Красота создана Господом, чтобы ублажать глаза видящего, смиренного перед силой божественной. Ибо мы не можем её создавать сами, а кто пытается — жалкие подражатели и вольнодумцы. Уже минул год, как Господь дозволил мне созерцать своё творение, восхищаясь и трепеща перед совершенством божественной мысли. Я старался не переступить черту, хотя так плоть моя слаба! Он наслал болезнь на флорентийца, но и она не стерла живых красок с его лица, затем по воле Его красота рядом со мной исчезла. Я страдал! Просил в молитвах о прощении, каялся в том, что малым образом ценил предложенный дар, смирился с тем, что Воля божественная никогда не бывает во вред, искал повод увидеть красоту в других вещах, но сердце моё и грешная душа никак не хотели успокаиваться. Молитвенное созерцание не являло тех чувств, что были мной испытаны и подарили мне радость совершенную.

Письмо, привезённое мне из Марселя, показало, как жестоко я ошибался!
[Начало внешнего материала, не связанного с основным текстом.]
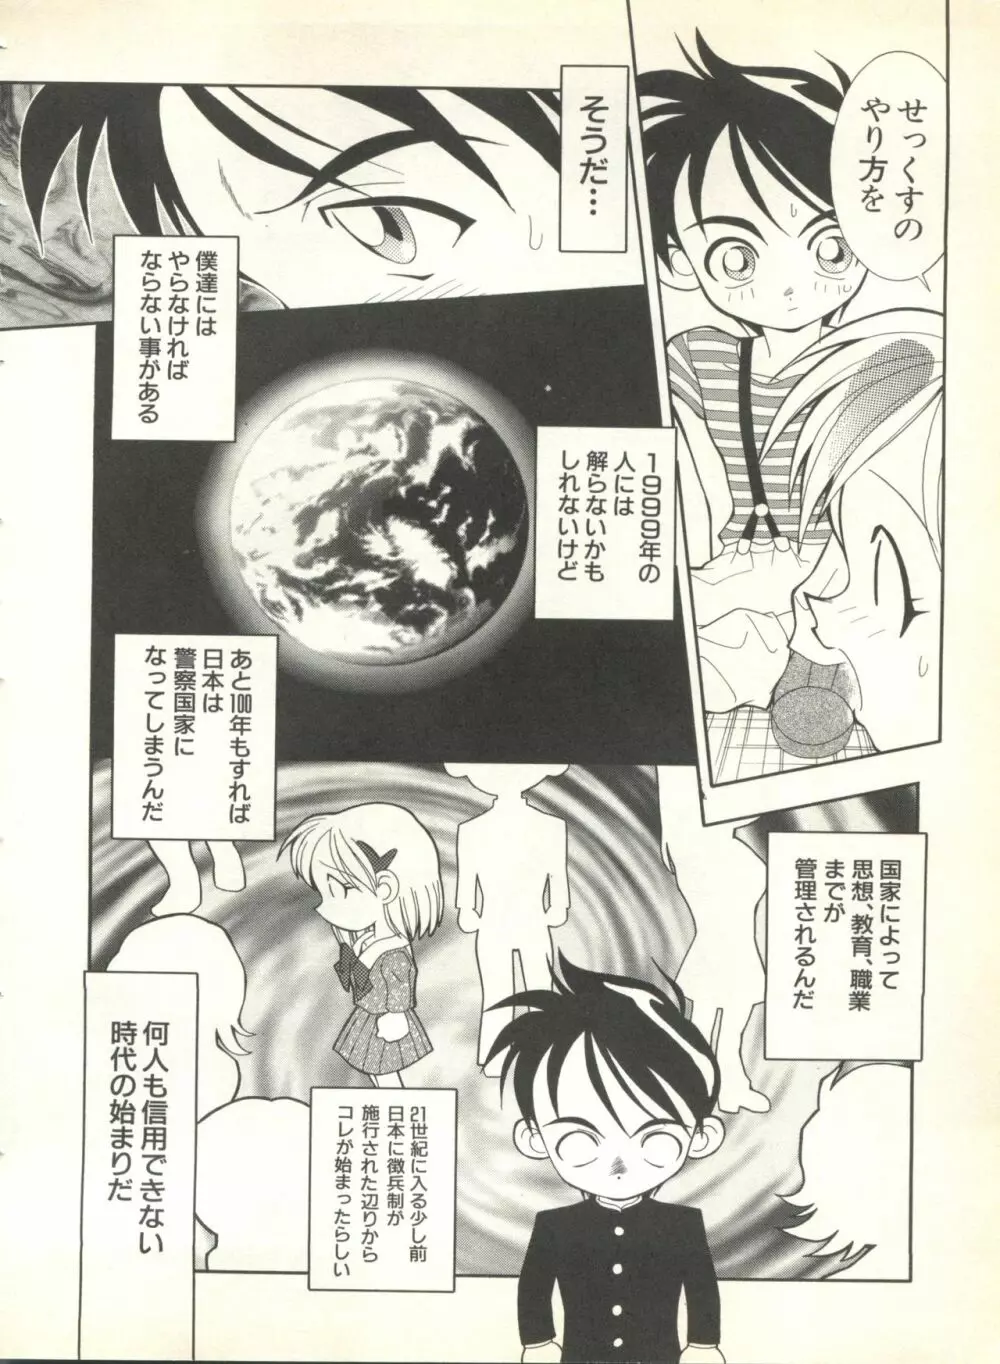 パイク Pai.kuu 1999 Oct vol.22 神無月 50ページ

Тщеславие, гордыня, похоть — вот грехи, что скрыты за красками расписного фасада, привлекательного и от этого столь обманчивого на вид. Я посмеялся простоте измышлений. Мне было больно. Господь не может смеяться над нами, он лишь испытывает человеческую волю — такую простую и примитивную по своей сути — есть, пить и вожделеть удовольствия во всём. Разве может быть красота столь несовершенной? Или совершенство красоты не во внешнем убранстве, а во внутреннем наполнении Божественным светом?
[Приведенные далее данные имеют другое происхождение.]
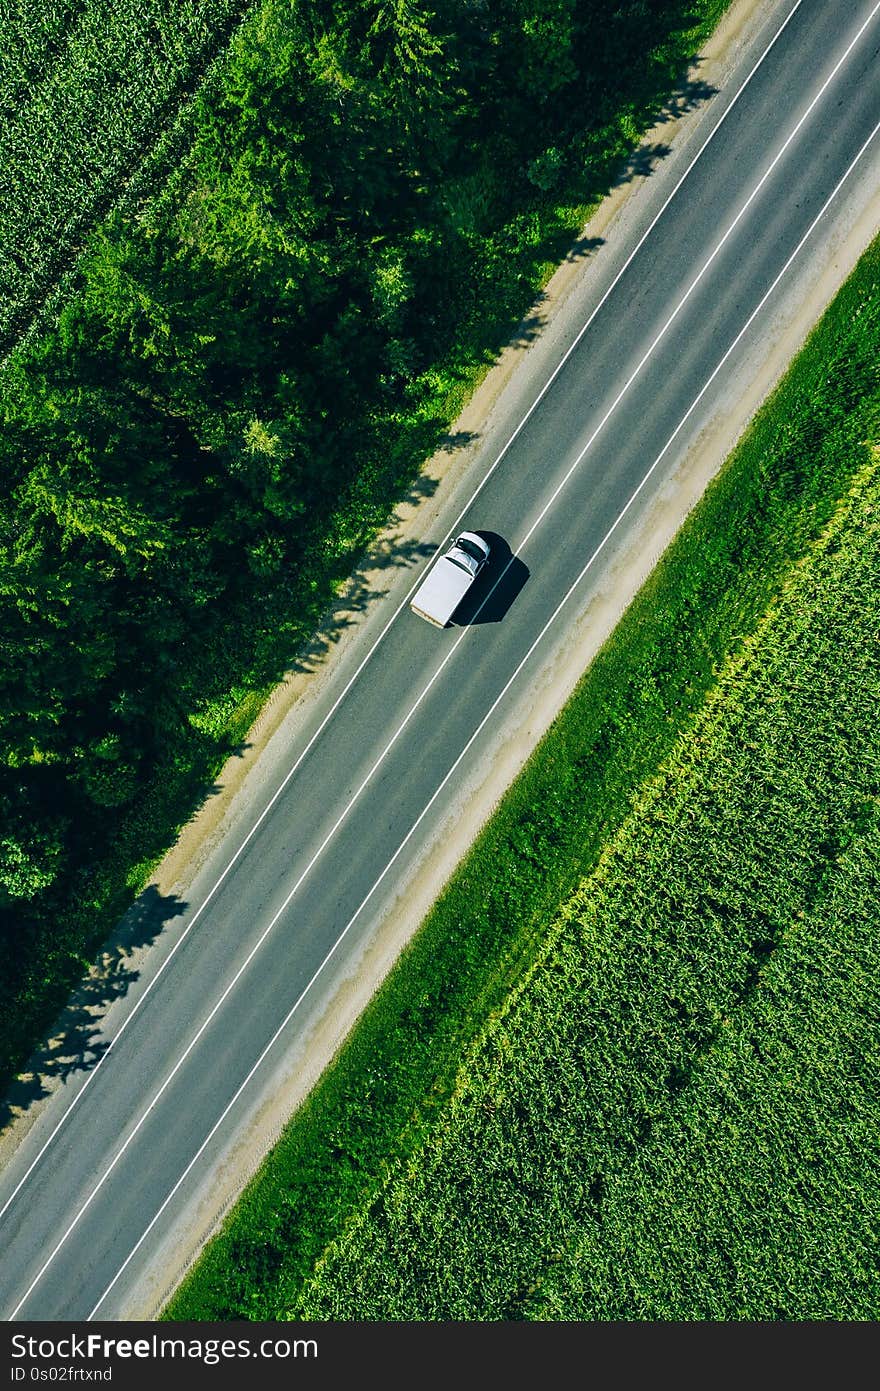 Aerial top view of a rural asphalt road through a green corn field in summer

Я сделал то, что сделал. И постарался забыть. Тела, наполненные грехом, ветшают, стареют и покрываются морщинами. Лишь святость наполняет их жизненной силой, удерживая совершенными и нетленными.

Готье де Мезьер

Первое письмо, связующее с прошлым, доставили примерно с год назад. Не подписанное, но Готье, прочитав содержание, не усомнился в авторстве. Он отложил бумагу на край стола и задумался. Жизнь не приучила его к поспешности: любые обстоятельства могли меняться, союзы расторгались и возобновлялись вновь, бывшие враги только анусы друг другу прилюдно не вылизывали, рассыпаясь в клятвах в любви и нежных чувствах. И прочитав сейчас строки, в которых Джованни совестливо просил прощения, Готье усомнился: прощение подразумевает ответ собеседника — да или нет. Флорентиец не написал «я никогда не хочу больше ничего о тебе слышать» или «я постарался и забыл», в уловках и самообмане всегда таится некий маленький шаг навстречу.

Готье позвал своего секретаря и молча протянул ему письмо. Жоффруа без слов знал, о чём его просит господин королевский советник. Он подошел к окну и внимательнейшим образом рассмотрел развернутый свиток на свет. Все производители бумаги — а она была дорогая, чтобы попросту использовать на черновики — ставили своё клеймо из тонкой сеточки, сплетённой замысловатым образом в фигуры. Когда лист бумаги просыхал, то клеймо отпечатывалось на нём истонченным рисунком.

— Мы получаем такие письма из Авиньона, Марселя, Нима, господин де Мезьер, — наконец вынес свой вердикт Жоффруа.

— Авиньон! — глаза Готье вспыхнули интересом. — Джованни был там после коронации в Реймсе. Я поначалу ставил на бургундский двор, — королевский советник улыбнулся своим мыслям. — Ты узнай, это не срочно, о нашем госте Мональдески. Оказывается, он не пропал, не был убит, не отправился в Агд, а нашел пристанище именно у Папы. Используем, если понадобится.